### Data excerpt

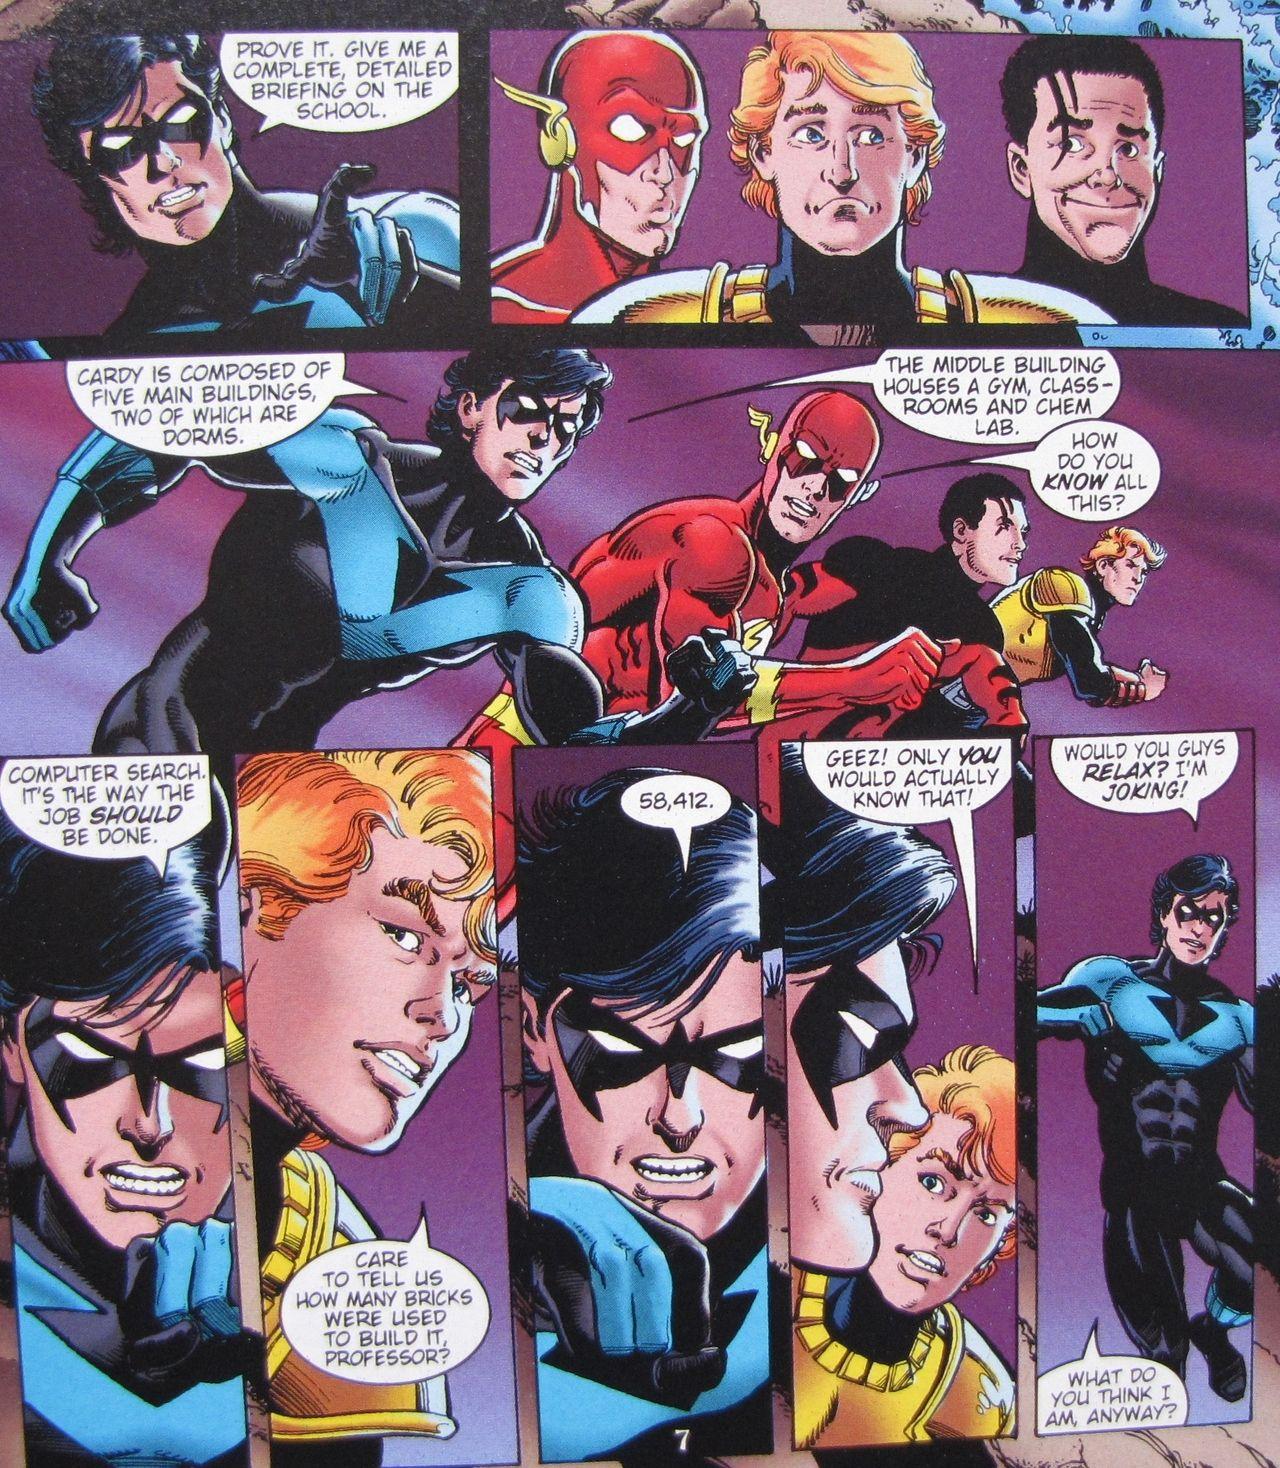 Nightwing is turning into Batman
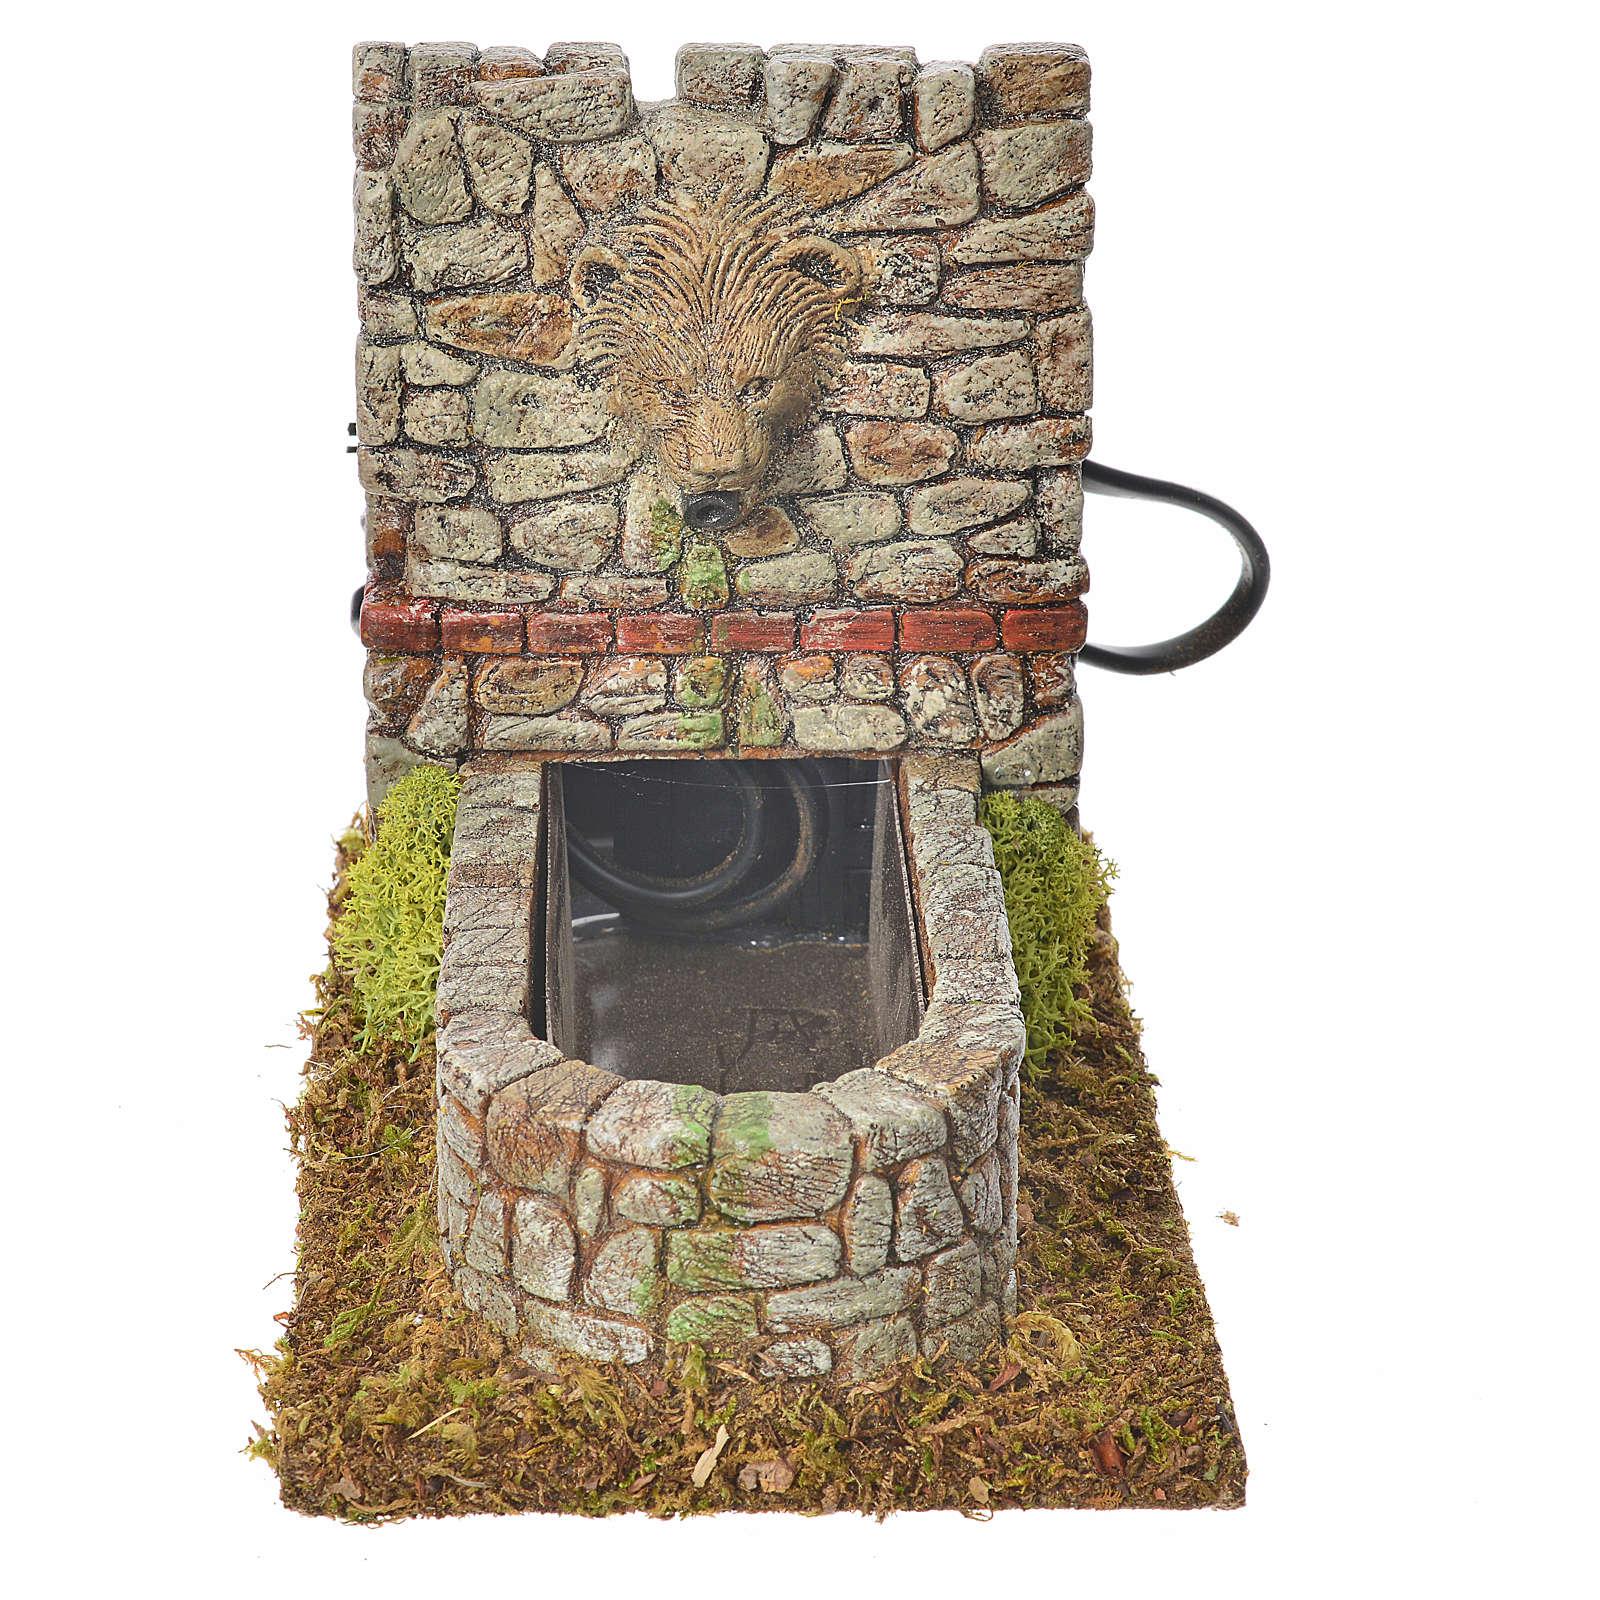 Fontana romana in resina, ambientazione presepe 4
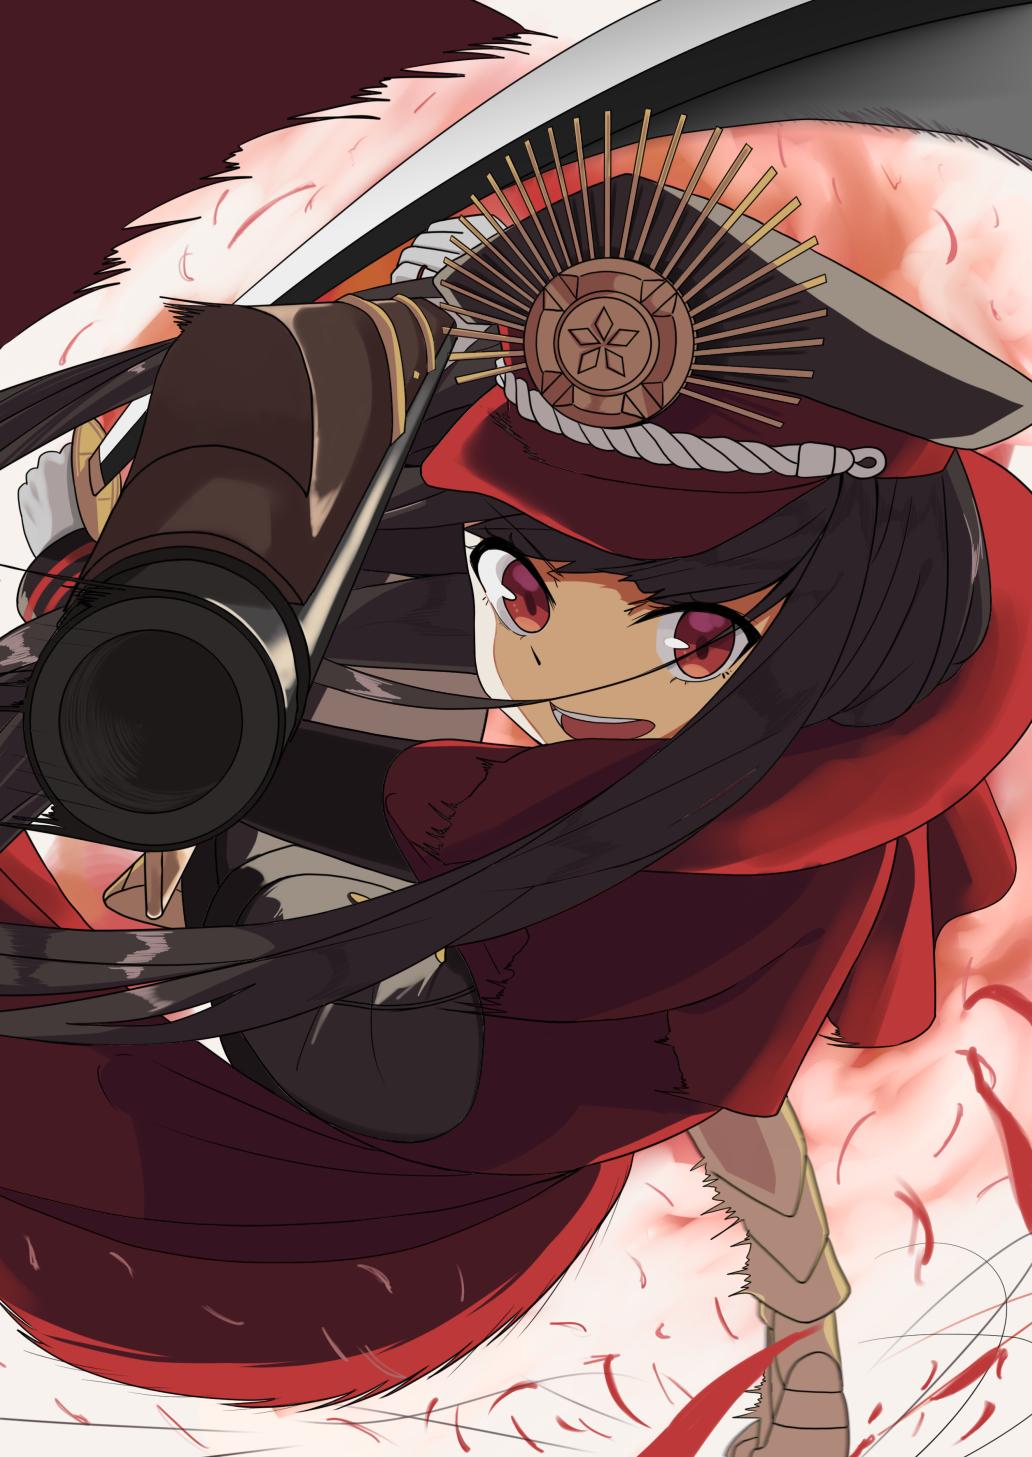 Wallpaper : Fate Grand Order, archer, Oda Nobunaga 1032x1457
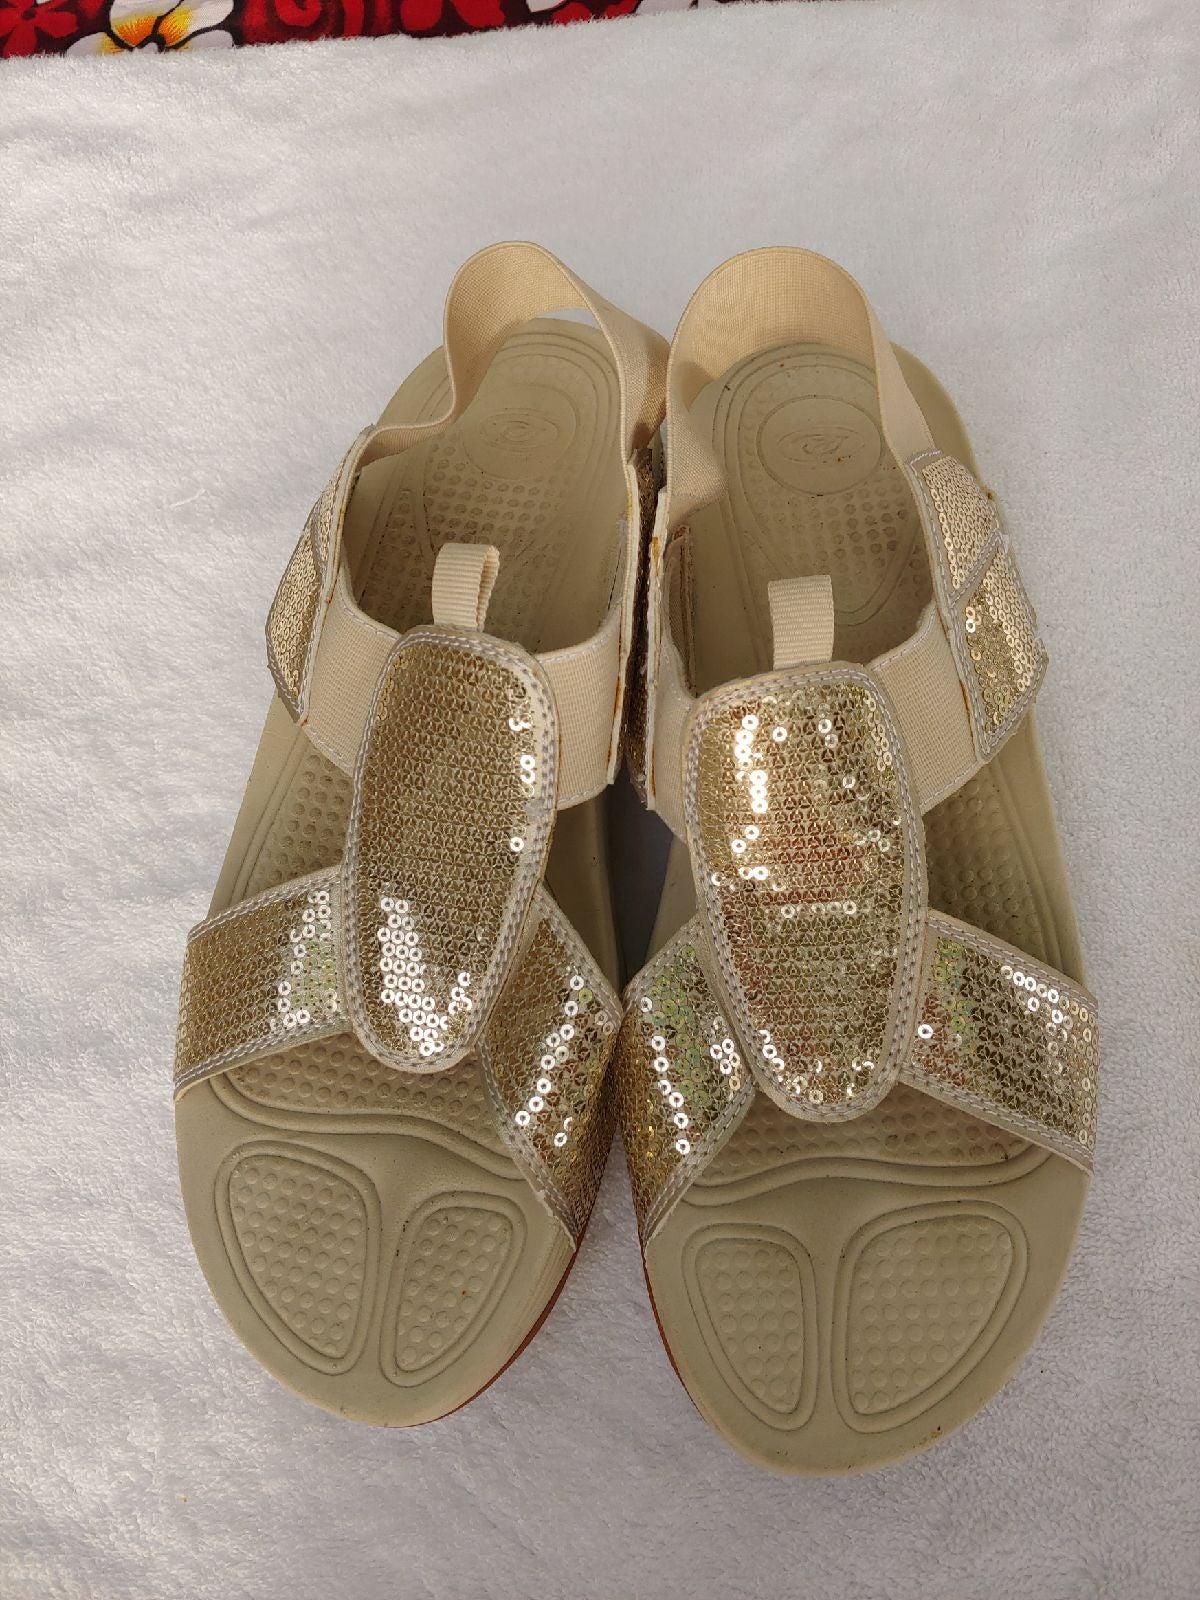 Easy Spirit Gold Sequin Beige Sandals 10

### Prompt
Here the lines from the one containing "Wallpaper : Fate" through the end of the material are to be copied exactly, with the pictures omitted.

### Expected output
 Wallpaper : Fate Grand Order, archer, Oda Nobunaga 1032x1457
 Easy Spirit Gold Sequin Beige Sandals 10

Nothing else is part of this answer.